The good news is that you don’t need to suffer. My doctor took fortnightly blood tests and put me on Hormone Replacement Therapy (HRT).
Unlike the UK, HRT is commonly accepted practice in Australia. Fortunately, HRT has recently been re-introduced in the UK. I wear Estrogen patches, and I take Progestogen pills. And I can assure you, it’s fantastic! I have re-discovered the sex drive I had in my early 20s!!
A few words of warning. First, HRT is not a contraceptive. And, second, you need to be patient – it will take some time, and trial and error, to get the doses right for you. But trust me when I say it is the fountain of youth.
Thank god I was not in a relationship when I went through menopause.
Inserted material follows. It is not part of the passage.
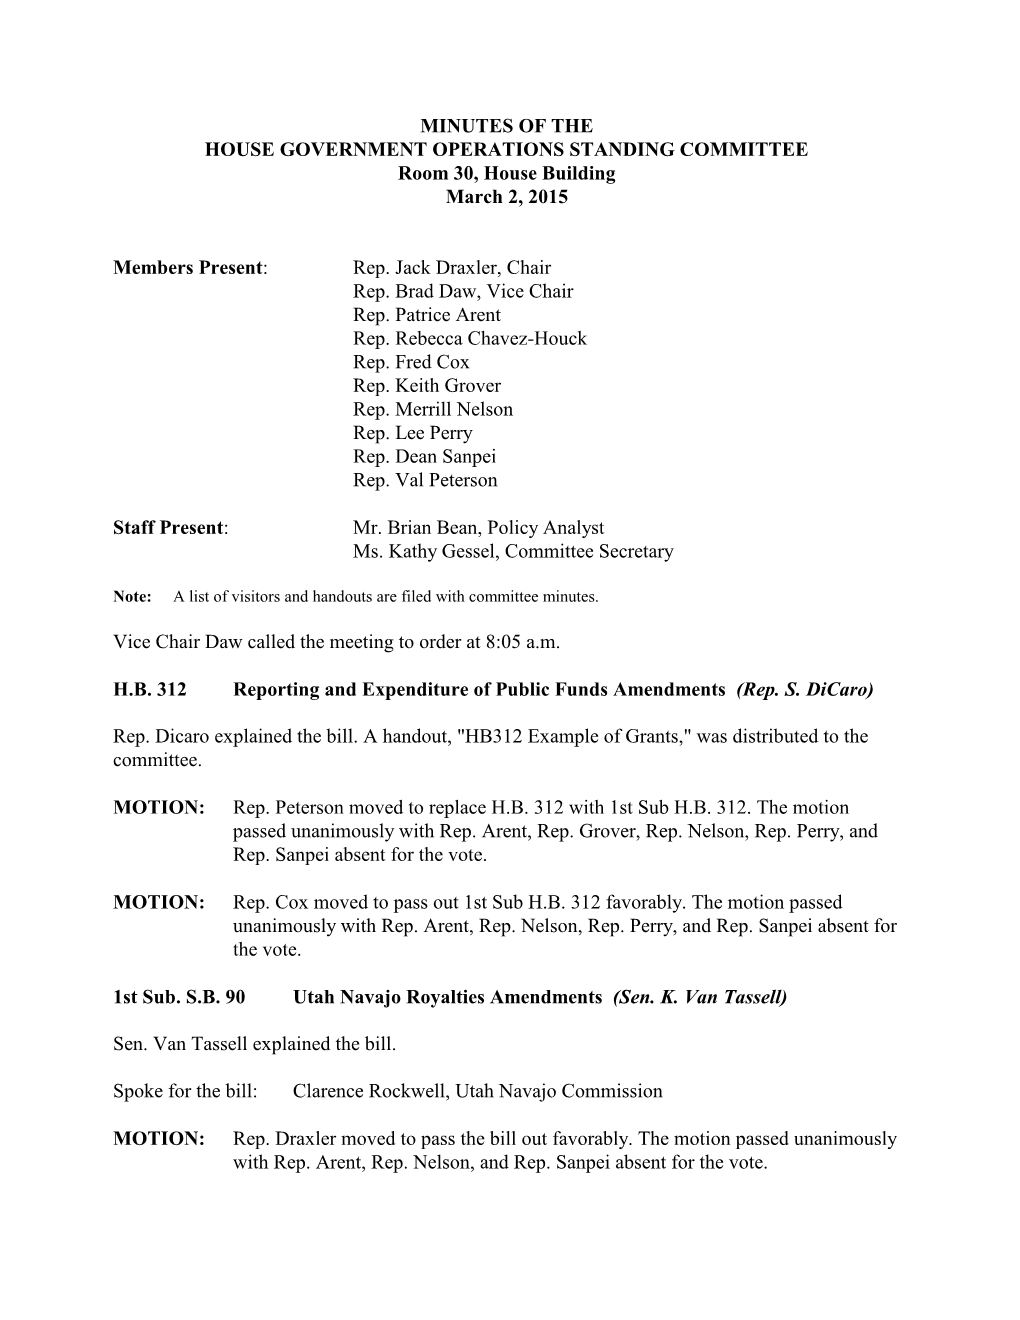 MINUTES of the HOUSE GOVERNMENT OPERATIONS STANDING COMMITTEE Room 30, House Building March 2, 2015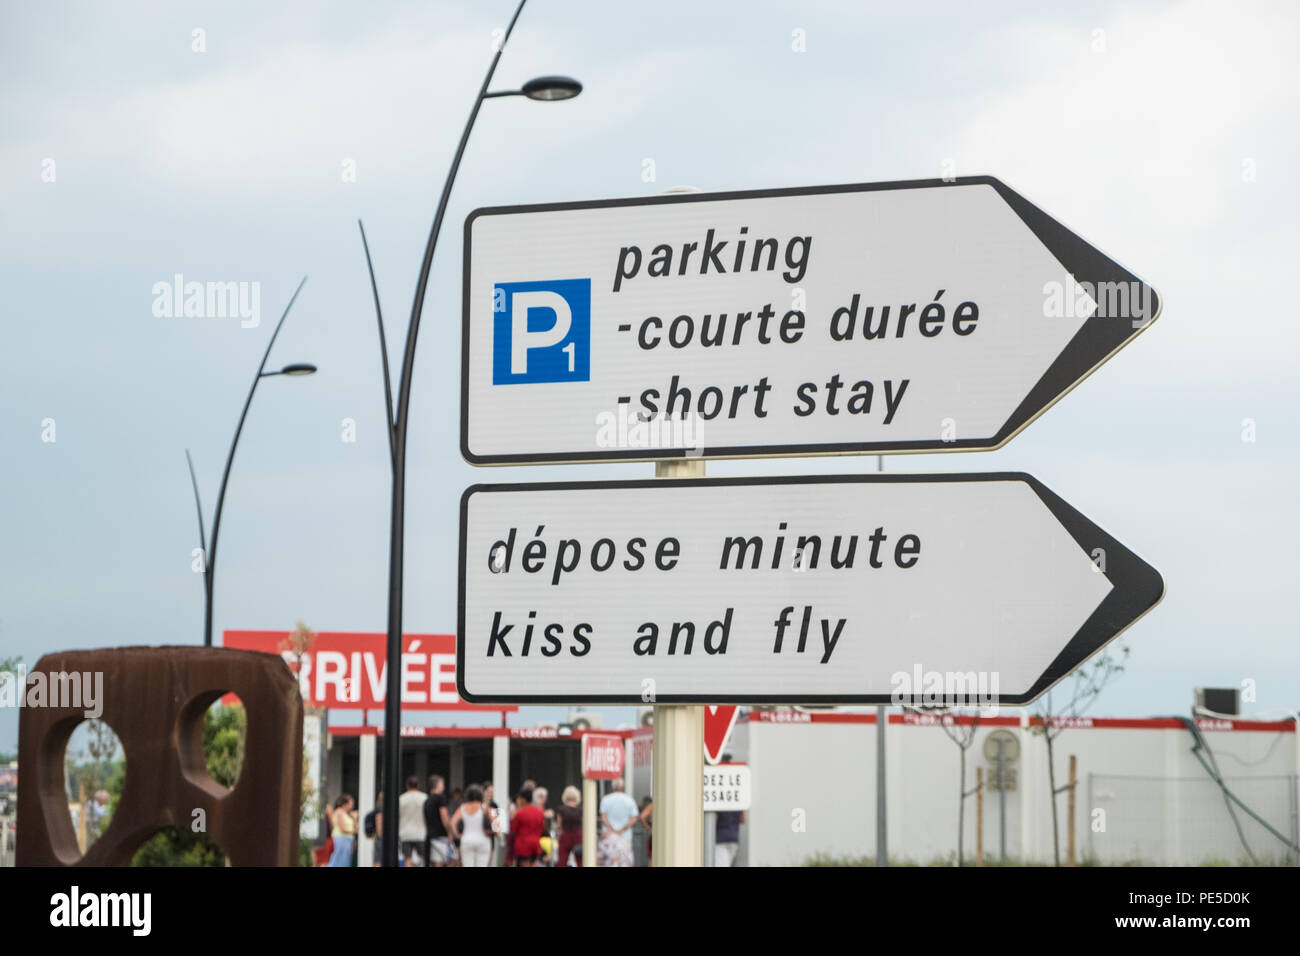 Free,parking,for,15,minutes,kiss and fly,quick,passenger,pick up,at, Carcassonne,Airport,Aude,region,South,of,France,French,Europe,European, Stock Photo

Women who experience menopause may experience issues that affect their relationship. One is the fact it seems to make communication difficult. And let’s face it, it’s hard to explain this stuff to men at the best of times!
Frankly, you need to prepare your partner for the reality that you are most likely going to put them through hell from the other side of the room. And you need to prepare yourself for the fact that they will just look at your strangely as if they don’t understand what the f*** is going on. And you know what, for the most part, they won’t – and that’s where they need your help – to help them help you.
Try to maintain a dialogue. Discuss what you are going through. Re-assure them it is not about them – if you can – since when do men think anything is about anything but them!
Seriously, partner attitudes to menopause are important to support you, and to sustain your relationship through this difficult phase of your lives. Having an informed, supportive partner can help enormously.
Suggest to your partner they should do their own research so they don’t take anything personally.
When you cry – trust me, you will – a lot – tell them you just need a hug, not the psychiatrist they have suggested!
It is very important to be able to discuss what you are experiencing openly and without argument or abuse. Having said that, you need to understand, and make clear to your partner, there will be times when things become heated and emotional. Again, re-assure each other it is not about the other person.
If you suffer emotionally – and trust me you will – talk to your doctor. Life’s for living. You do not need to suffer unnecessarily.
HRT certainly helped me in this and other ways.
If you don’t want to go on HRT, there are alternatives. A psychologist who specialises in couples counselling can be useful. You may only need one or two sessions. They should be able to help support you both in your communication, and in understanding the issues you are both going through and how to manage them as best you can.
If you are experiencing sexual problems within your relationship – and, again, you almost certainly will during this phase – it may be helpful to consider the extent to which they are due to the physical symptoms of menopause on the one hand, and other issues. You will probably find they are a combination of both. On these occasions, try to maintain a positive and constructive attitude – after all, obstacles are just opportunities in disguise! And don’t hesitate to seek the help you might need – whether it is medical, psychological, counselling etc… Knowledge is power in all things.
Early menopause is no reason to abstain from sex. In fact, if you work at it constructively, you can get it sorted relatively quickly. In particular, choose a doctor you trust and with the right experience with these issues – someone you can talk to well. They will help you re-balance your hormones and get your sex life back on track. And you’ll be at it like rabbits in no time. Good luck ….. to you AND to your partner.
Oh, and remember – they’re not “hot flushes” – they’re POWER SURGES”!